EXAMPLE 1 1, 1-bis (4-methyl-2-thiazolyl) ethanol N-butyllithium (2.5M solution in hexane, 44.4 ml) is added in drops to a stirred solution of 4-methylthiazole in anhydrous tetrahydrofuran (100 ml) at -70 ° C under an atmosphere of dry nitrogen. After 30 minutes ethyl acetate (4 g) in tetrahydrofuran (25 ml) is added dropwise. After another hour, the mixture is allowed to warm to room temperature and then allowed to stir overnight. A saturated aqueous sodium hydrogen carbonate solution is added and the organic phase is separated. Then another processing in the usual way and crystallization from diethyl ether gives the title compound. P.f. 82-84 ° C 13 C NMR (CDCl 3) 17.0, 31.2, 76.1, 114.7, 152.2 and 174.4 ppm. The treatment with anhydrous hydrogen chloride in diethyl ether to give the corresponding hydrochloride P.f. 135 ° C (decomposition). 13 C NMR (dg-DMSO) 16.3, 28.9, 75.2, 115.6, 150.8 and 175.5 ppm. Following the general method of Example 1 and using the appropriate thiazole with the appropriate ether, the compounds of Examples 2 to 5 are prepared.

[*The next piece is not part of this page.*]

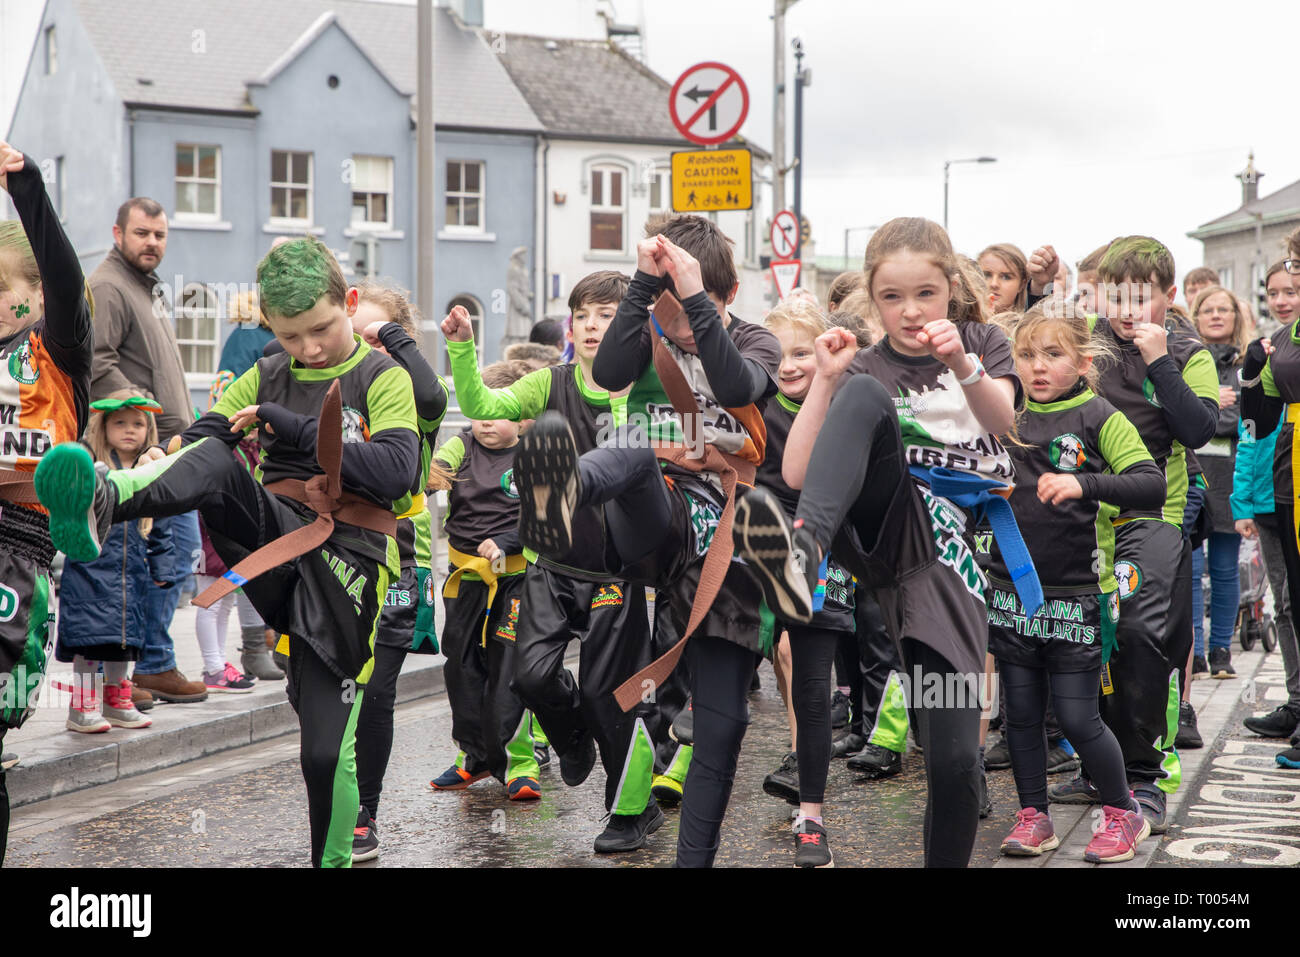 Athlone Town, Ireland. 16th March 2019. The kids from teh Athlone Kickboxing Club shoing off their moves during the 2019 4Athlone St Patricks Day Parade. Credit: Eoin Healy/Alamy Live News Stock Photo

EXAMPLE 2 1. l-bis (4,5-dimethyl-2-thiazolyl) ethanol P.f. 143-144 ° C. 13 C NMR (CDCl 3) 11.2, 14.6, 30.8, 75.8, 127.5, 147.3 and 170.3 ppm. Found: C, 53.7; H, 5.95; N, 10.3. C12H16N2OS2 requires C, 53.7; H, 6.0; N, 10.4% hydrochloride, m.p. 146-147 ° C. Found: C, 47.2; H, 5.7; N, 9.0.

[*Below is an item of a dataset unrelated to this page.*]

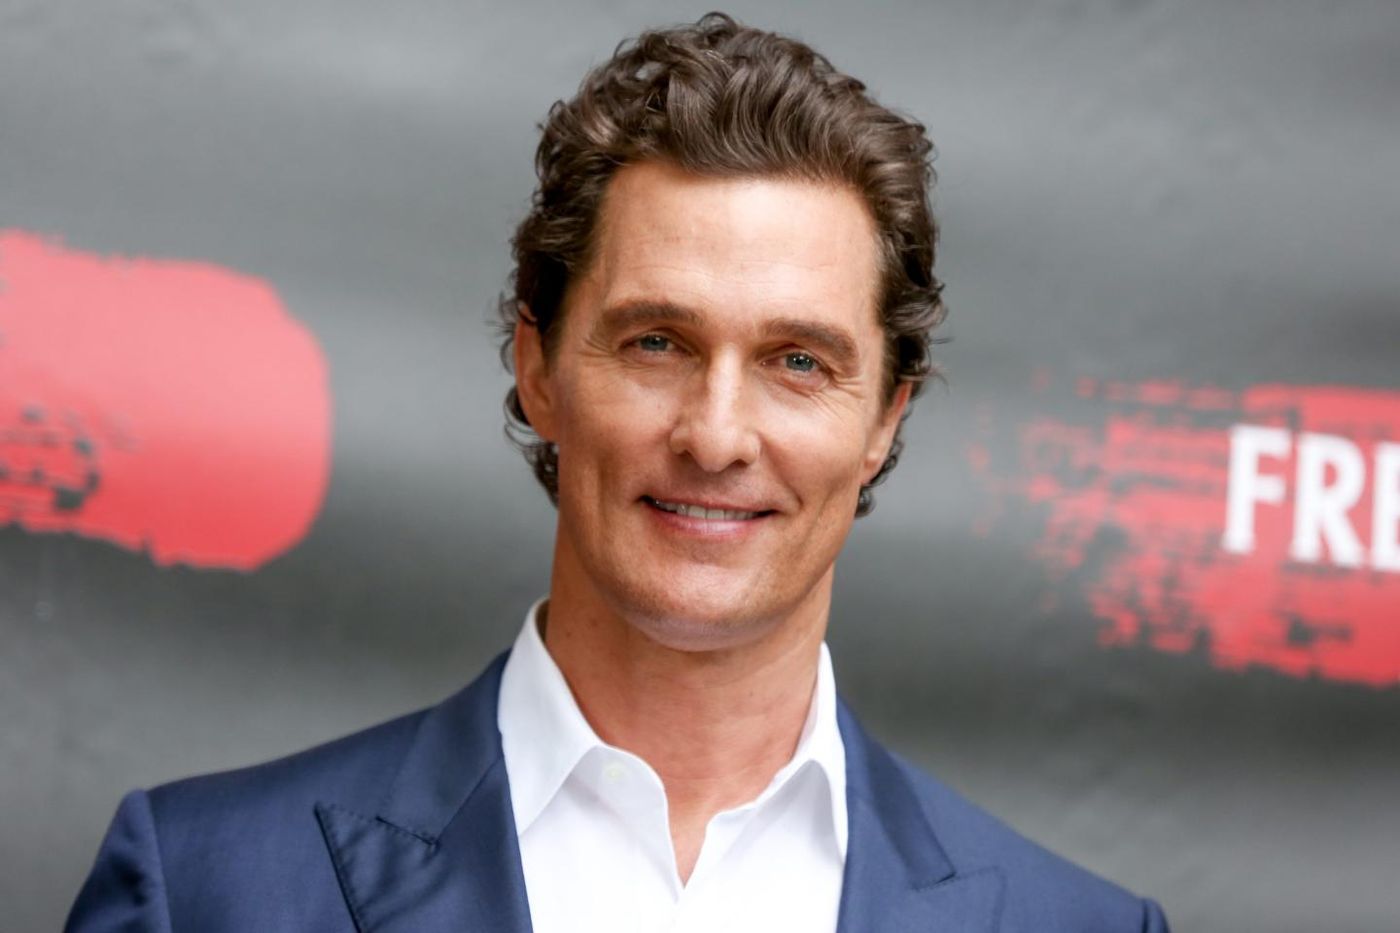 Can You Match These Actors With Their Starring Roles? Matthew McConaughey

C12H16N2OS2-HCl requires C, 47.3; H, 5.6; N, 9.2%.

EXAMPLE 3 1, 1-bis (4,5-dimethyl-2-thiazolyl) -2, 2-dimethyl-1-propanol P.f. 91-92 ° C. 13 C NMR (CDC 13) 11.6, 15.1, 26.0, 40.5, 83.1, 127.7, 146.8 and 168.4 ppm. Hydrochloride, p.f. 160-162 ° C. Found: C, 51.8; H, 6.7; N, 7.9.

C15 22N2OS2-HCl requires C, 52.0; H, 6.7; N, 8.1%.

EXAMPLE 4 1, 1-bis (4,5-dimethyl-2-thiazolyl) -2-methyl-1-propanol P.f. 106-108 ° C. 13 C NMR (CDCl 3) 11.2, 14.6, 16.5, 40.0, 81.0, 127.2, 146.8 and 170.1 ppm.

Hydrochloride, p.'f. 169-171 ° C. Found: C, 50.5; H, 6.4; N, 8.4.

C14H20N2OS2-HC1 requires C, 50.5; H, 6.4; N, 8.%.

EXAMPLE 5 1, 1-bis- (4-methyl-2-thiazolyl) -2,2-dimethyl-l-propanol hydrochloride P.f. 190-193 ° C (decomposed) 13 C NMR (dg-DMSO) 16.5, 25.4, 40.0, 82.3, 115.6, 150.2 and 172.5 ppm. Found: C, 49.0; H, 6.1; N, 8.65. i3H18 2OS2 -HC1 requires C, 49.0; H, 6.0; N, 8.8%.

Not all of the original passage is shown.